Dans le cadre de l'économie moderne, la châtaigne assure encore une part de l'alimentation des exploitants, mais l'avenir de la châtaigneraie dépend davantage des lois du marché, que ce soit pour la châtaigne de bouche ou pour la blanchie.

Le fruit intervient aussi dans l'alimentation des petits animaux. Il sert à engraisser le porc et les agneaux. En automne et en hiver, la châtaigneraie assure un complément de nourriture aux troupeaux de petits ruminants, chèvres et moutons, qui la parcourent en mangeant les résidus de récolte (feuilles, bogues et fruits non récoltés).

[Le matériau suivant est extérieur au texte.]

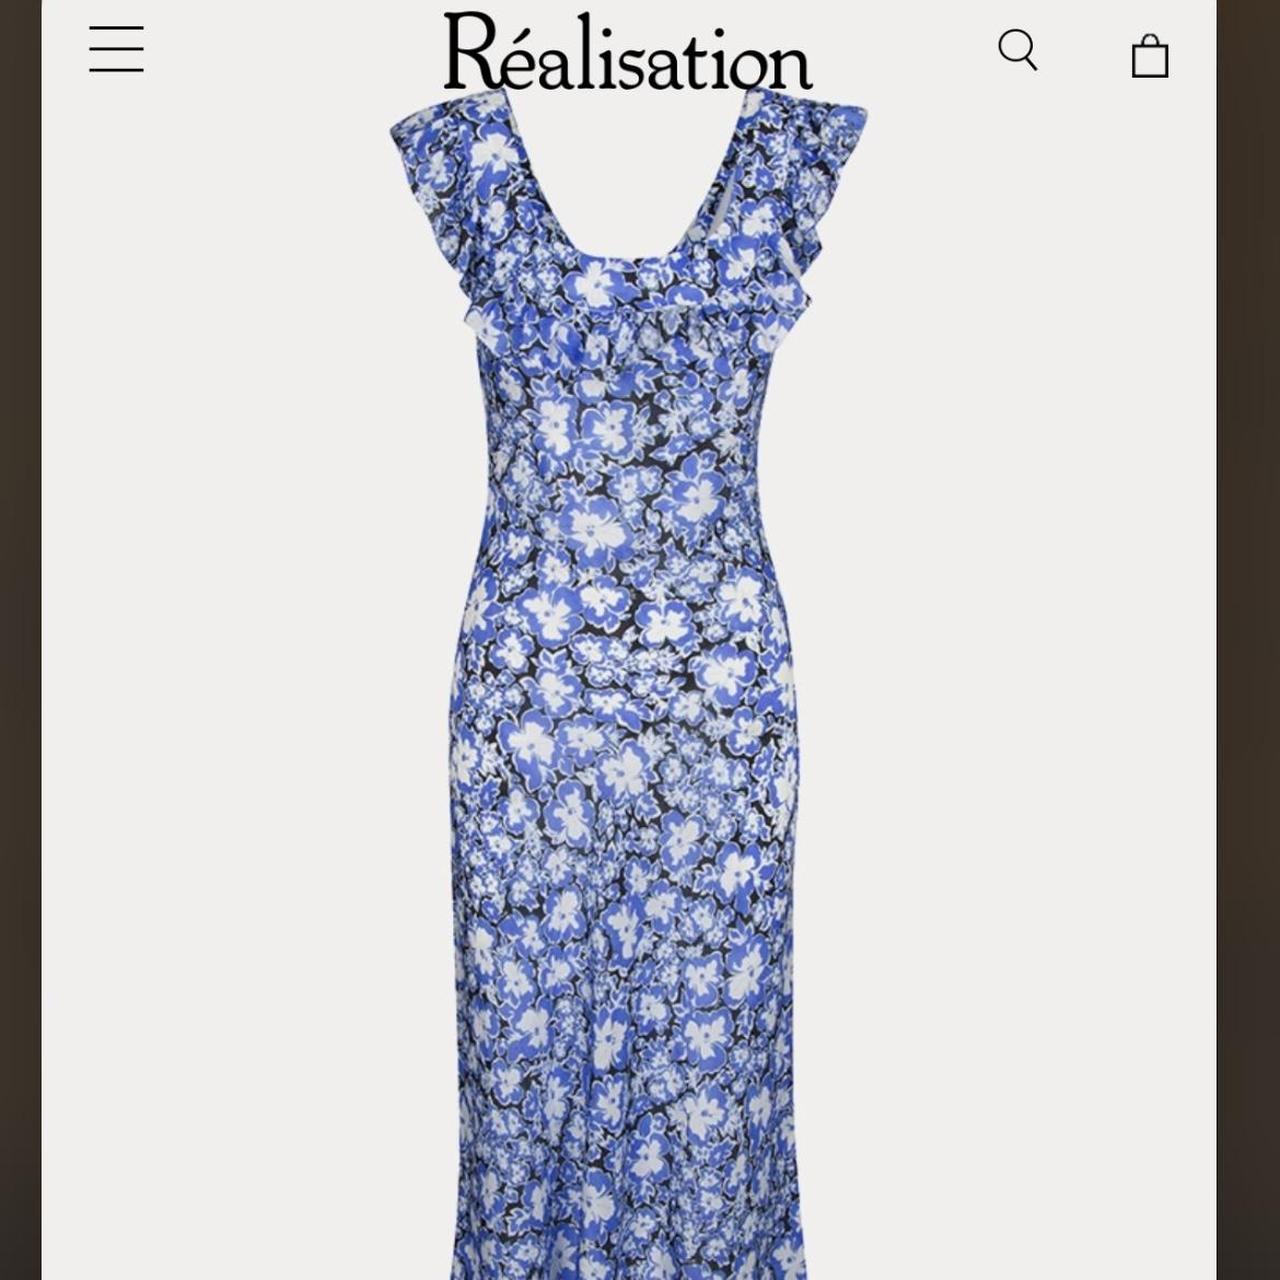 Product Image 1 - Realisation Par The Lou dress

5.1.2.2 Les autres productions de la châtaigneraie

Les feuilles sont aussi utilisées comme fourrage pour ces petits ruminants au printemps, avant qu'ils ne montent dans les pâturages d'estive.

Les produits de l'entretien de la châtaigneraie constituent la source de combustible la plus importante, en particulier pour le séchage des châtaignes et pour le foyer des maisons.

Le bois de châtaignier était utilisé traditionnellement pour la construction (linteaux, charpente porteuse, planchers) et la menuiserie (intérieure et extérieure). Il servait en outre à la confection de nombreux objets : vannerie d'éclisses, douelles de tonneau, collier de mouton avec des lamelles de "bouscas" non refendues, conduites d'eau, auges pour le bétail, coffres, ruches, etc. Autrefois, il n'y avait pas de sylviculture particulière en fonction des variétés pour la production de poutres de construction (G. VERDIER, com. pers.). Celles-ci étaient débitées dans les arbres de réforme et la construction s'adaptait à la forme de la poutre en général tordue et à peine équarrie. Les planches étaient débitées dans les arbres gros et droits dans le fond des vallées. Aujourd'hui, ces pratiques d'usage domestique du bois de châtaignier fruitier tombe en désuétude.